Can you pay for two nights on entry? Also how much is the parking? I have heard of 20 or 30(!!!!) euros per day. Unfortunately I do not seem to have much alternative to staying at Disney on the Saturday night; we need to be there for 0830/0900 on the Sunday and all the local campsites within 30 mins drive are approx 30/40 Euros per night. 
There does not seem to be any local aires en route from Calais unless anyone knows otherwise???

Any other local knowledge appreciated..

Steve


----------



## Dethleffs (May 25, 2005)

Parking charges are from 12midnight to 12 midnight, you have to go out and back through the gate everyday or go on foot to the gate each day. Think it was around 22 euros last time we went per 24hour period. Hope this helps.


----------



## aldhp21 (Aug 4, 2008)

Dethleffs said:


> Parking charges are from 12midnight to 12 midnight, you have to go out and back through the gate everyday or go on foot to the gate each day. Think it was around 22 euros last time we went per 24hour period. Hope this helps.


We were there three weeks ago. Turned up on the Friday afternoon and paid for parking. Think it was 30 euros. We had 2 days worth of free tickets from Sky for the Saturday and Sunday. Drove off to Le Mans on the Monday morning. Nobody had asked us for any more money so we had three nights for 30 euro. Bargain!! Think it should have been 90 euro.

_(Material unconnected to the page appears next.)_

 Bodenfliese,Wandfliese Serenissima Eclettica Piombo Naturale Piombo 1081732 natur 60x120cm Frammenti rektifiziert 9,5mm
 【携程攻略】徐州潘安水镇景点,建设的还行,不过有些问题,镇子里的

If you arrive too late to enter there is a parking area where you can overnight just by the pay booths. There were about 5 vans parked there as we left on the Monday morning.

Cheers
Alan


----------



## A37 (Sep 22, 2009)

In my experience (annual pass holder) Disney do not have a policy of enforcing the parking charges, provided that you pay the initial entrance fee.

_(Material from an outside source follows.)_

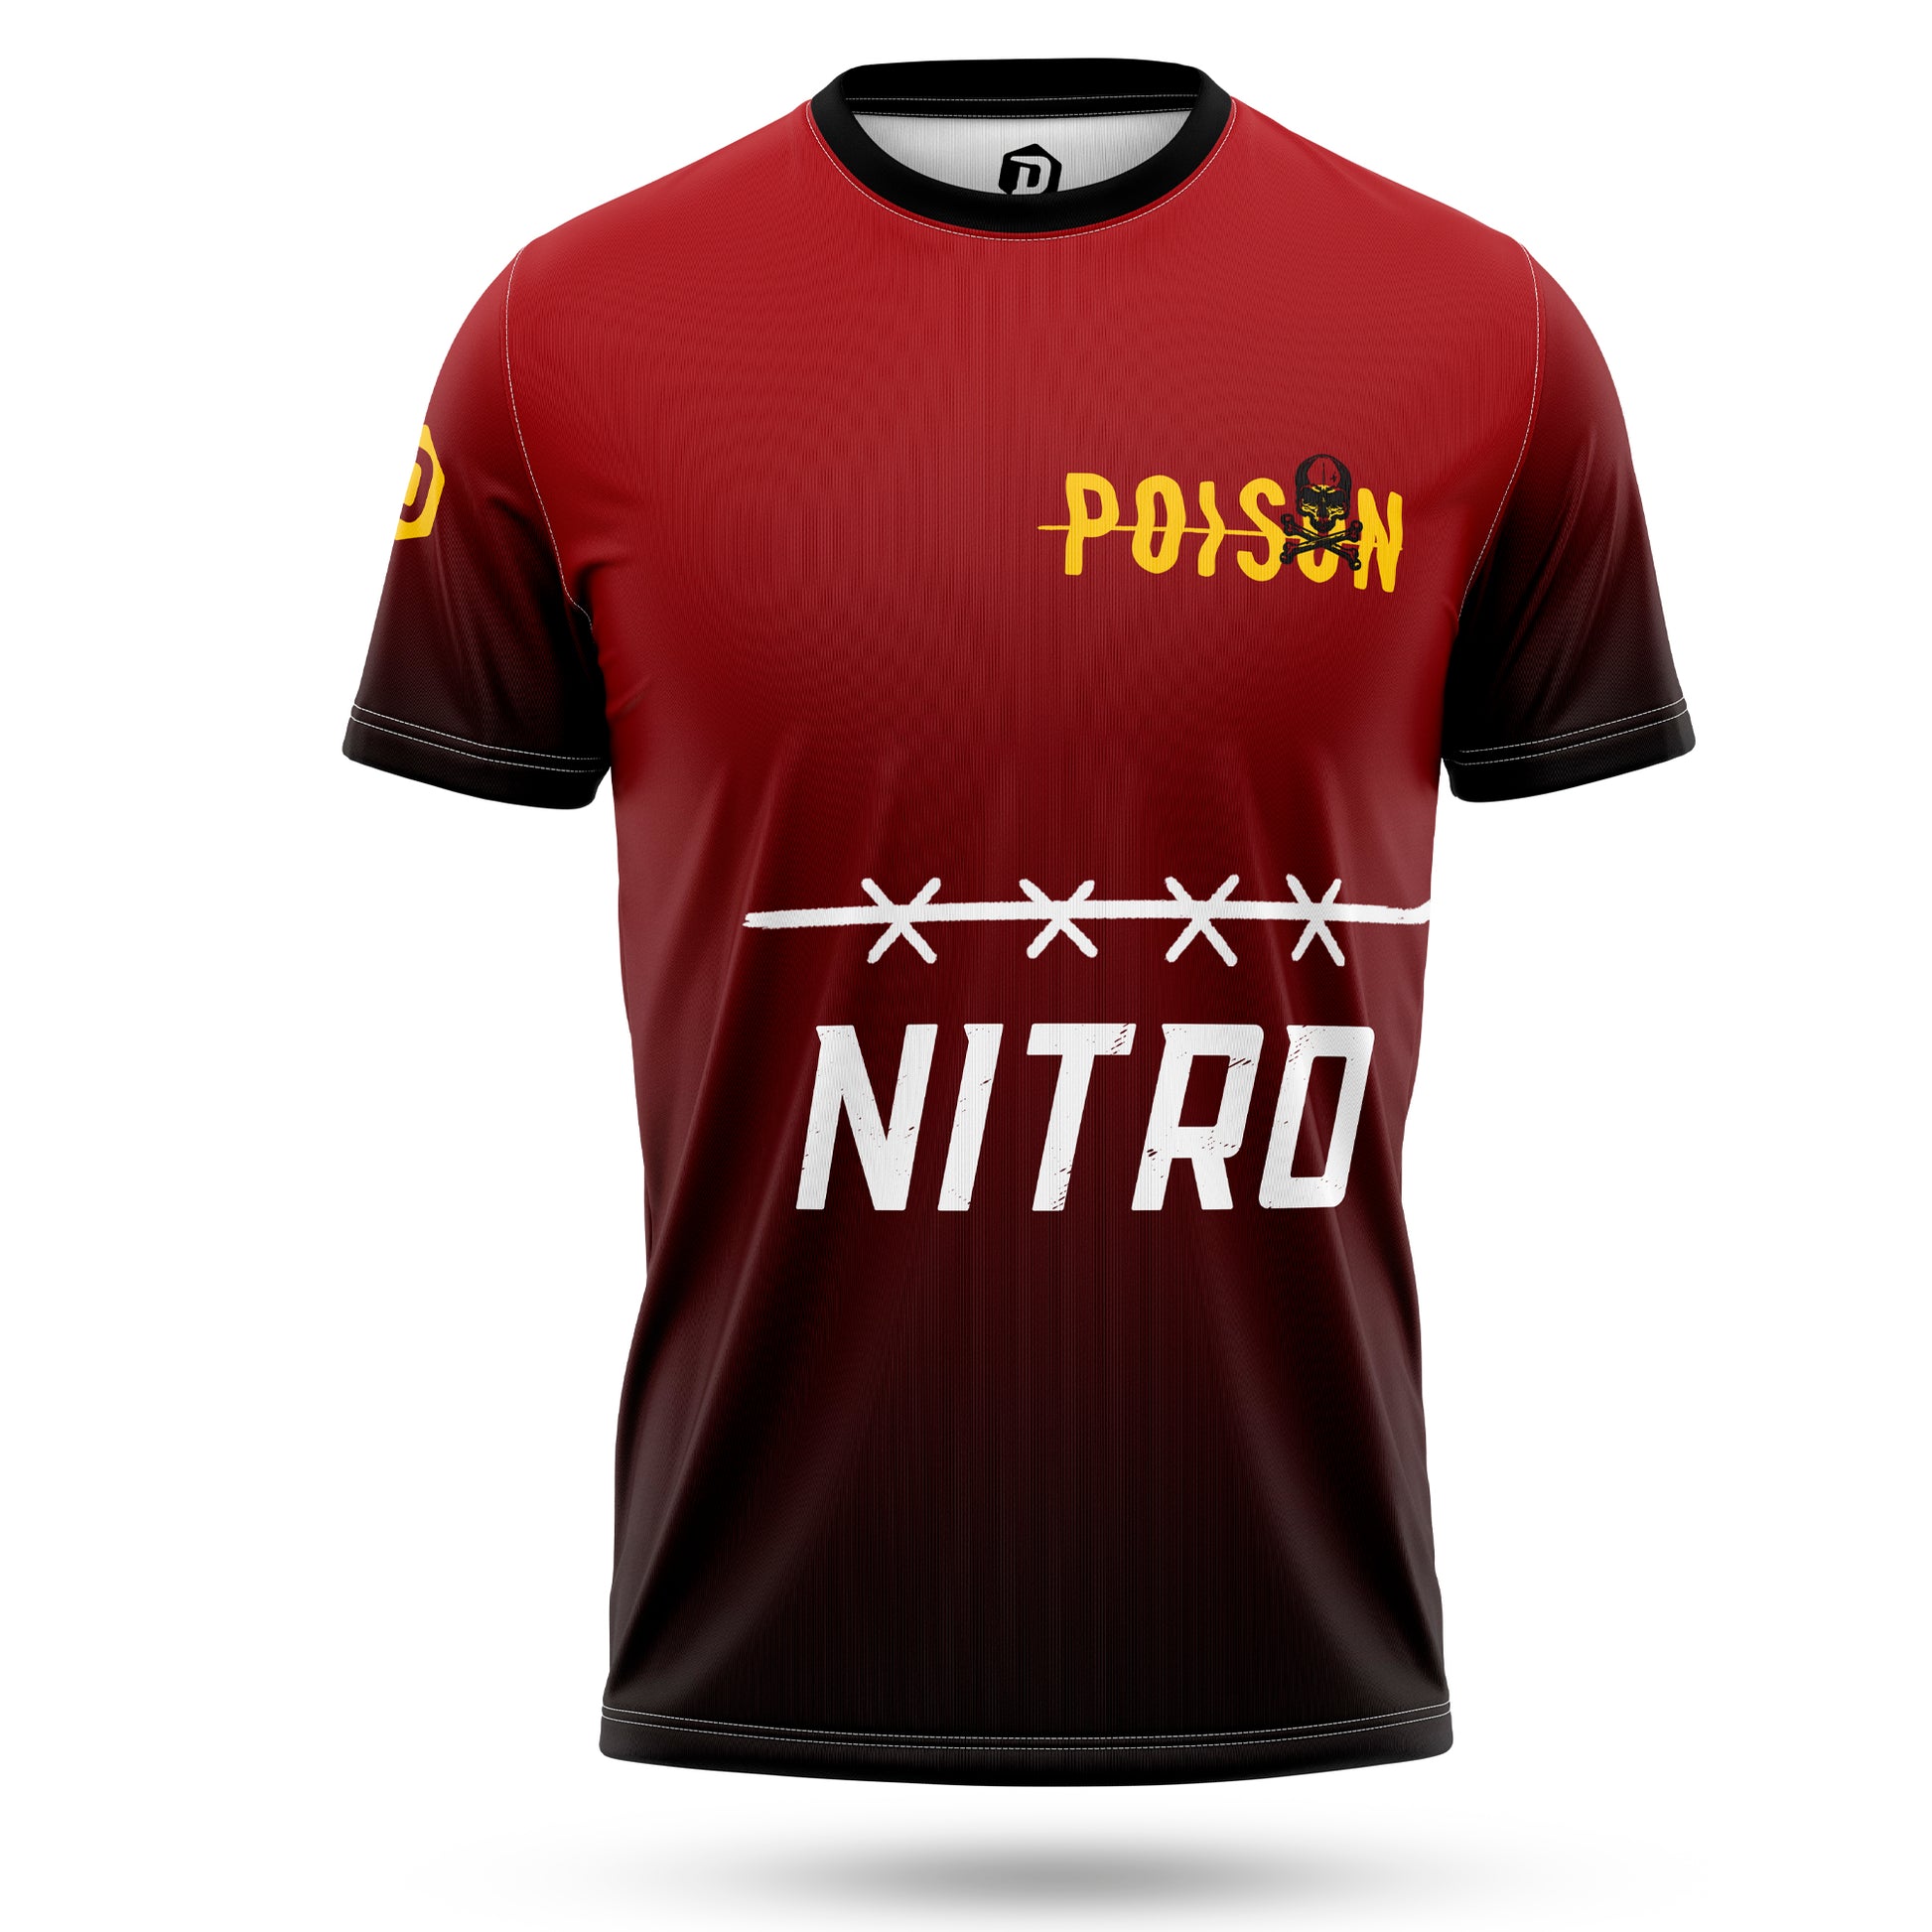 Camiseta técnica NITRO POISON™ - DOPAMINEOFICIAL

On entry you are given an A4 photocopy with your arrival date filled in by hand.

Many people don't bother to display the ticket ( or like us, it just falls out of the window)

You might have a notice placed on your windscreen, reminding you to display but it's nothing to worry about, it's merely a reminder.

If you are concerned, just write PA (pass annual) on the photocopy.

There are no barriers on exit, so you do not need to pay each day unless you feel it's the right thing to do.

Enjoy your trip !


----------



## VanFlair (Nov 21, 2009)

Hi

It was 30 euros when we were there earlier in the year, a bit expensive for a car park but I guess it is high to cover for the people who dont want to pay.

Martin


----------



## Hymervanman (Aug 20, 2010)

Thanks for the tips everyone. Looks like we will just roll up on the Saturday night and stay over on the carpark till Monday morning.


----------



## danielf (May 11, 2005)

*Disney parking*

Hi

We were there 3 weeks ago, paid 30 euros on arrival, next day we wehad a note under our wiPer reminding us to pay the next morning, went round to the window on the other side of toliet/shower pavilion and paid for two days stay with credit card. There is a sign on the window were you have to go, it is the area where coach parties collect their tickets.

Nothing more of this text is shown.